→ DESCRIPTION OF THE TASK: Drop the pictures and repeat the remaining data exactly.

→ SUPPLIED INFORMATION:
........
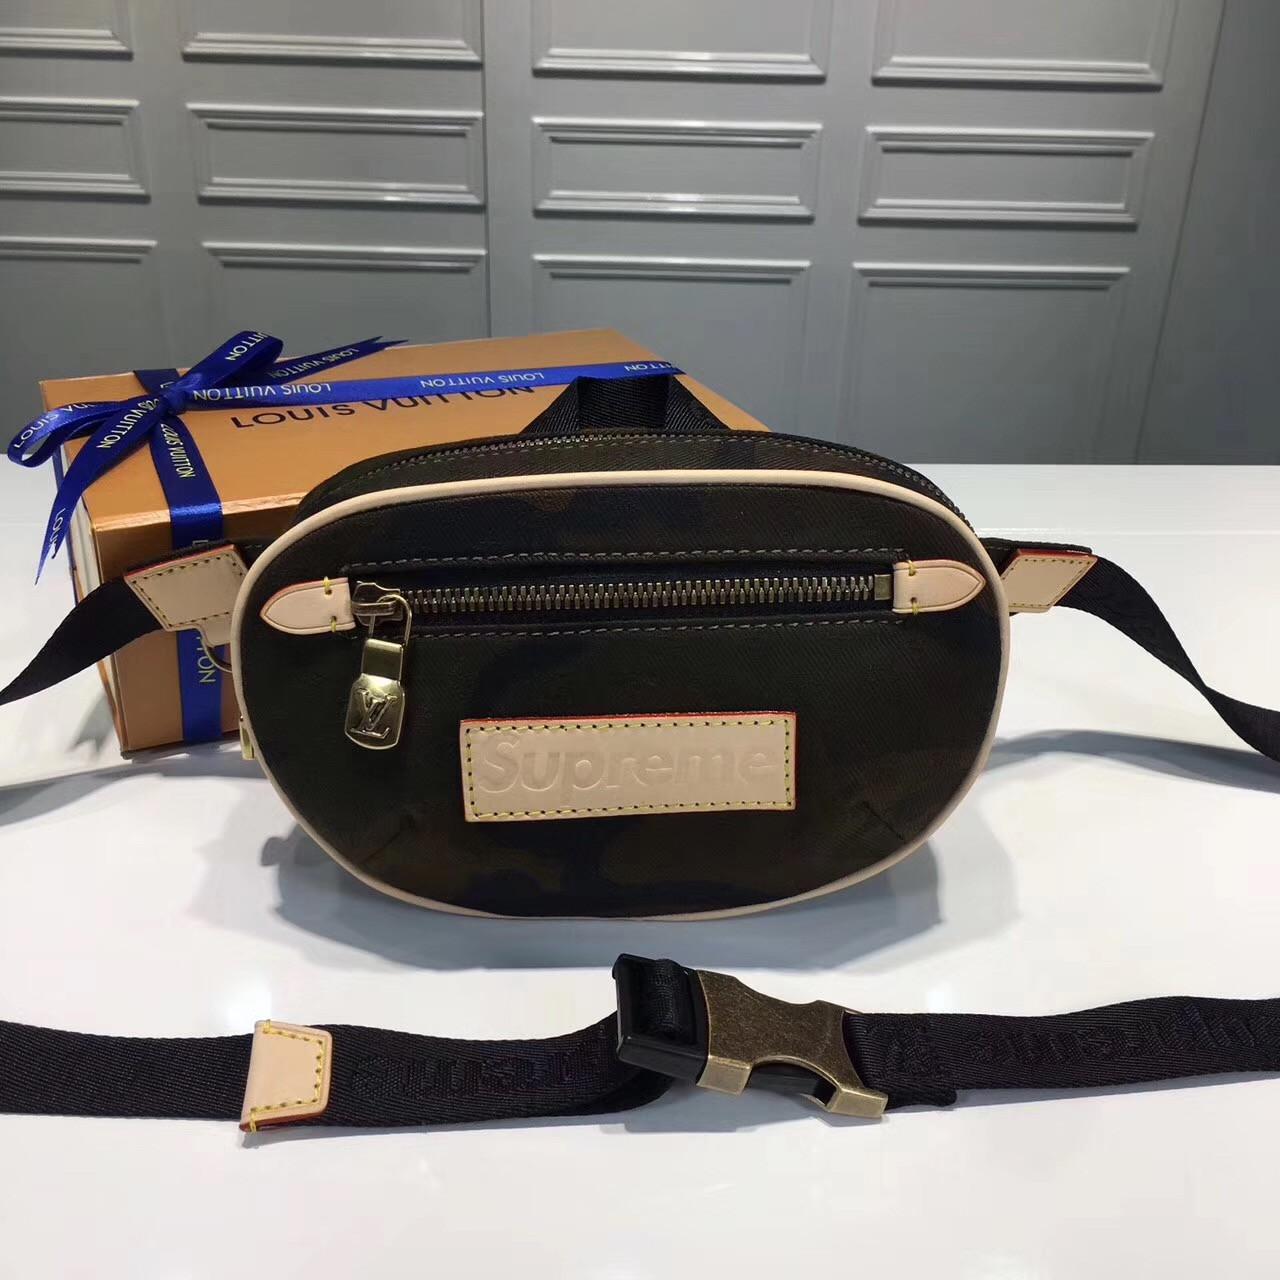 06c4ebe14257 Supreme X Louis Vuitton сумка камуфляж, цена 10 400 грн., купить в Киеве —  Prom.ua (ID#619292499)
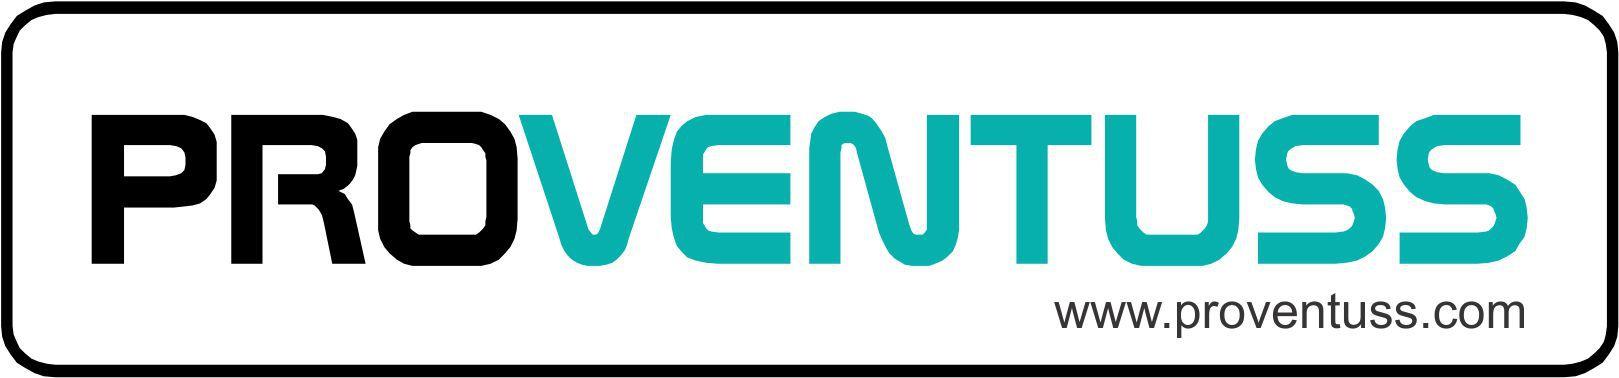 PROVENTUSS www.proventuss.com
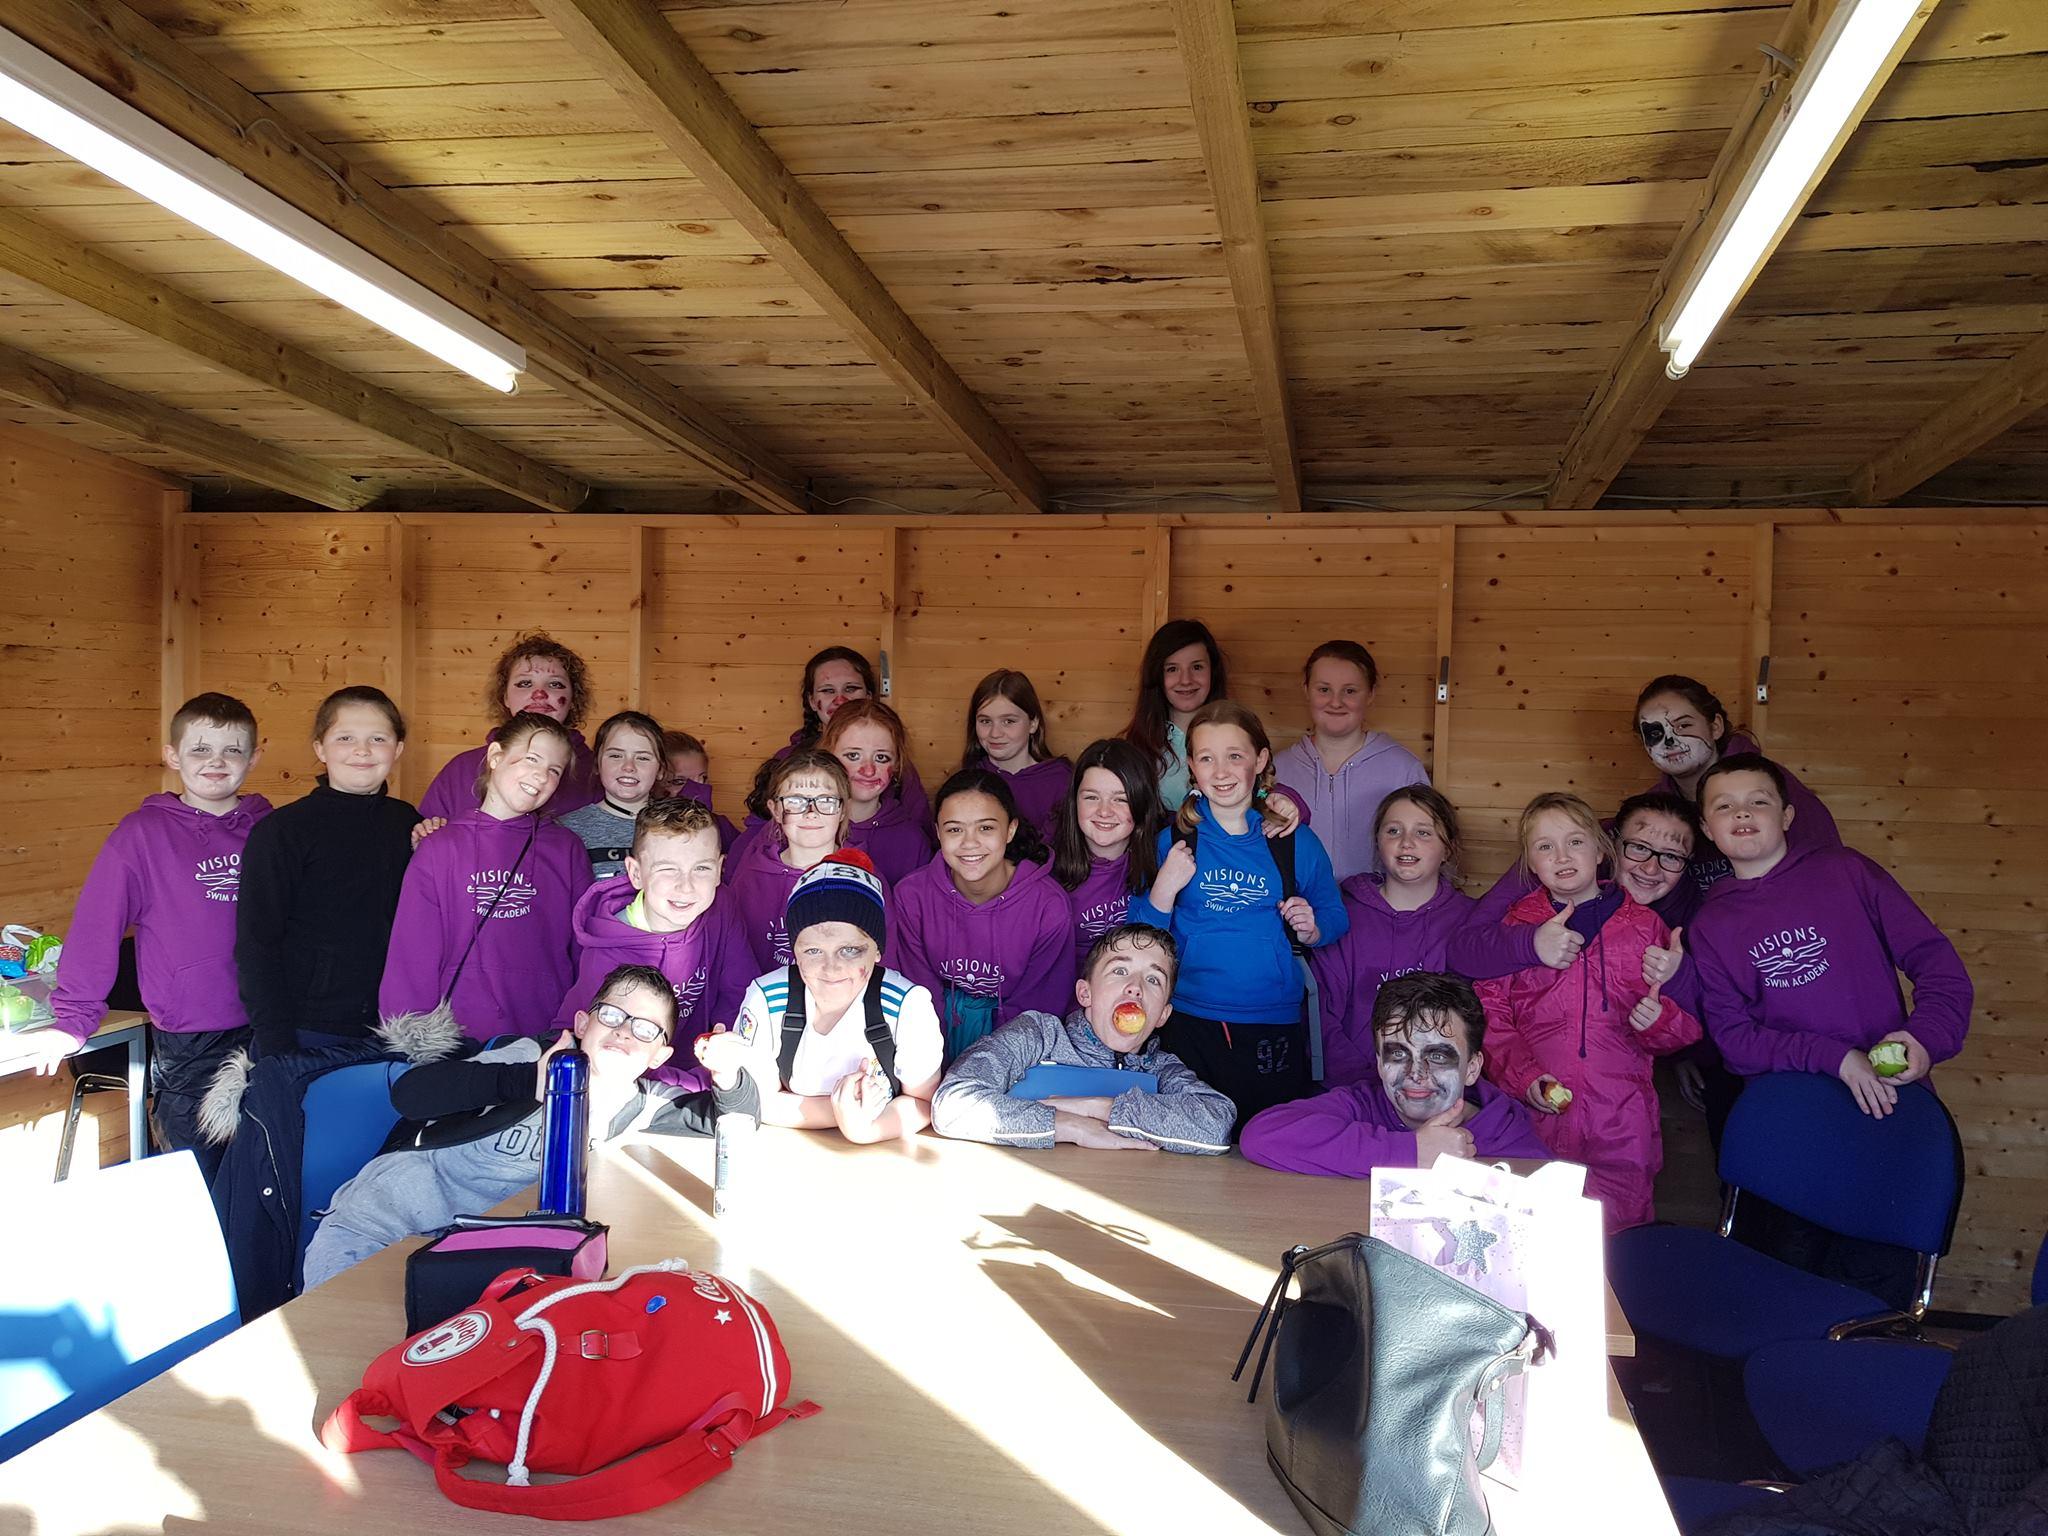 Group at newmills
........
→ WORKED SOLUTION:
 06c4ebe14257 Supreme X Louis Vuitton сумка камуфляж, цена 10 400 грн., купить в Киеве —  Prom.ua (ID#619292499)
 PROVENTUSS www.proventuss.com
 Group at newmills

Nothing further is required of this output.